Introduction: The distinctive layer-wise fashion in which additive manufacturing (AM) technology produces parts enables production of near-net-shape components with intricate geometrical features [1]. For instance, laser powder bed fusion (L-PBF) shows promise in the fabrication of next-generation femoral stems for total hip replacement (THR) [2]. Because L-PBF is characterized by fast solidification rates, usually there are significant microstructural differences between wrought (WT) and L-PBF materials [3]. These microstructural dissimilarities can lead, for example, to variations in corrosion behaviour [4]. Acknowledging the key role corrosion resistance plays on the lifespan of an implant, it is imperative to understand the link existing between microstructure and corrosion performance of the additively manufactured Ti-6Al-4V alloy due to its relevance in the production of femoral stems. Therefore, this study aims to examine the role of material microstructure and texture on corrosion behaviour of L-PBF and WT Ti-6Al-4V in simulated physiological conditions.

Methodology: Corrosion behaviour was investigated using a 3-electrode electrochemical cell via open circuit potential (OCP), cyclic potentiodynamic polarisation (CPP) and electrochemical impedance spectroscopy (EIS) tests in phosphate buffered saline solution (PBS) at 37 °C. Microstructural features were assessed by means of scanning electron microscopy (SEM), electron backscatter diffraction (EBSD), energy dispersive X-ray (EDX) and X-ray diffraction (XRD).

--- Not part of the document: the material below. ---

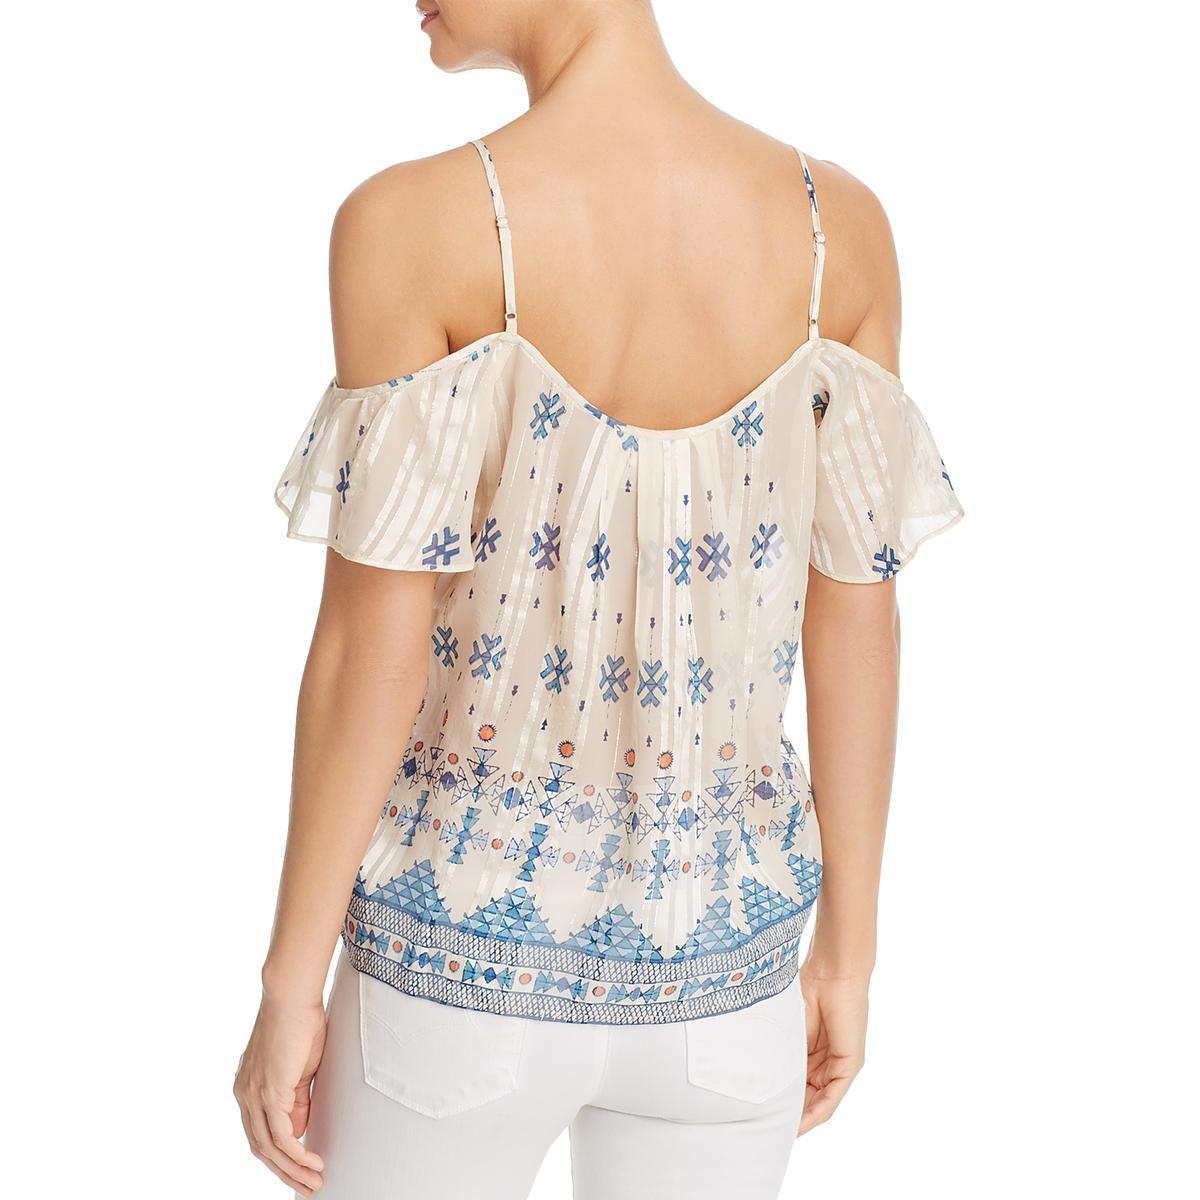 d9d47cdc8b9beb Joie - Natural Womens Adorlee Cold Shoulder Sheer Blouse - Lyst. View  fullscreen

Results: Upon immersion for 2 hours, the OCP of L-PBF and WT specimens continuously increased, indicating the formation of a spontaneous oxide surface film. Both samples (i.e., L-PBF and WT) exhibited a passivation behaviour over a wide range of potentials from 0 to 1500 mV vs. Ag/AgCl, which demonstrates a strong protective nature of the oxide film formed on the samples’ surface. WT sample displayed a higher corrosion current density (0.039 ± 0.008 μA/cm2 against 0.021 ± 0.011 µA/cm2 of L-PBF), which could pinpoint to a difference in the nature of the oxide film formed amongst samples. Absence of localized corrosion (i.e., pitting) was confirmed by the breakdown potential being absent as well as a negative hysteresis loop in the CPP curves. SEM and XRD diffractograms results demonstrated that the L-PBF sample revealed a needle-shaped α’ phase whilst, a duplex α + β phase was found in the conventionally manufactured counterpart. Furthermore, EDX results showed that whilst there is a clear segregation of alloying elements in the WT sample, the L-PBF exhibited a homogeneous distribution of Ti, Al and V.

Discussion: Results from this study indicated that for Ti-6Al-4V alloy, manufactured using LPBF or conventional manufacturing route, the main distinction in the corrosion behaviour is in the passive domain, suggesting the oxide layer formed varies as a function of the microstructure. A poorer corrosion behaviour of WT samples when compared with L-PBF might be due to a galvanic coupling established between α and β phases within the material. Similar findings were reported in [5], where a comparison of the corrosion performance between EBM and L-PBF Ti-6Al-4V samples was carried out. Further experiments will be conducted aimed at tackling the kinetics and nature of the oxide layer formation in order to elucidate the role of microstructure on passive film kinetics.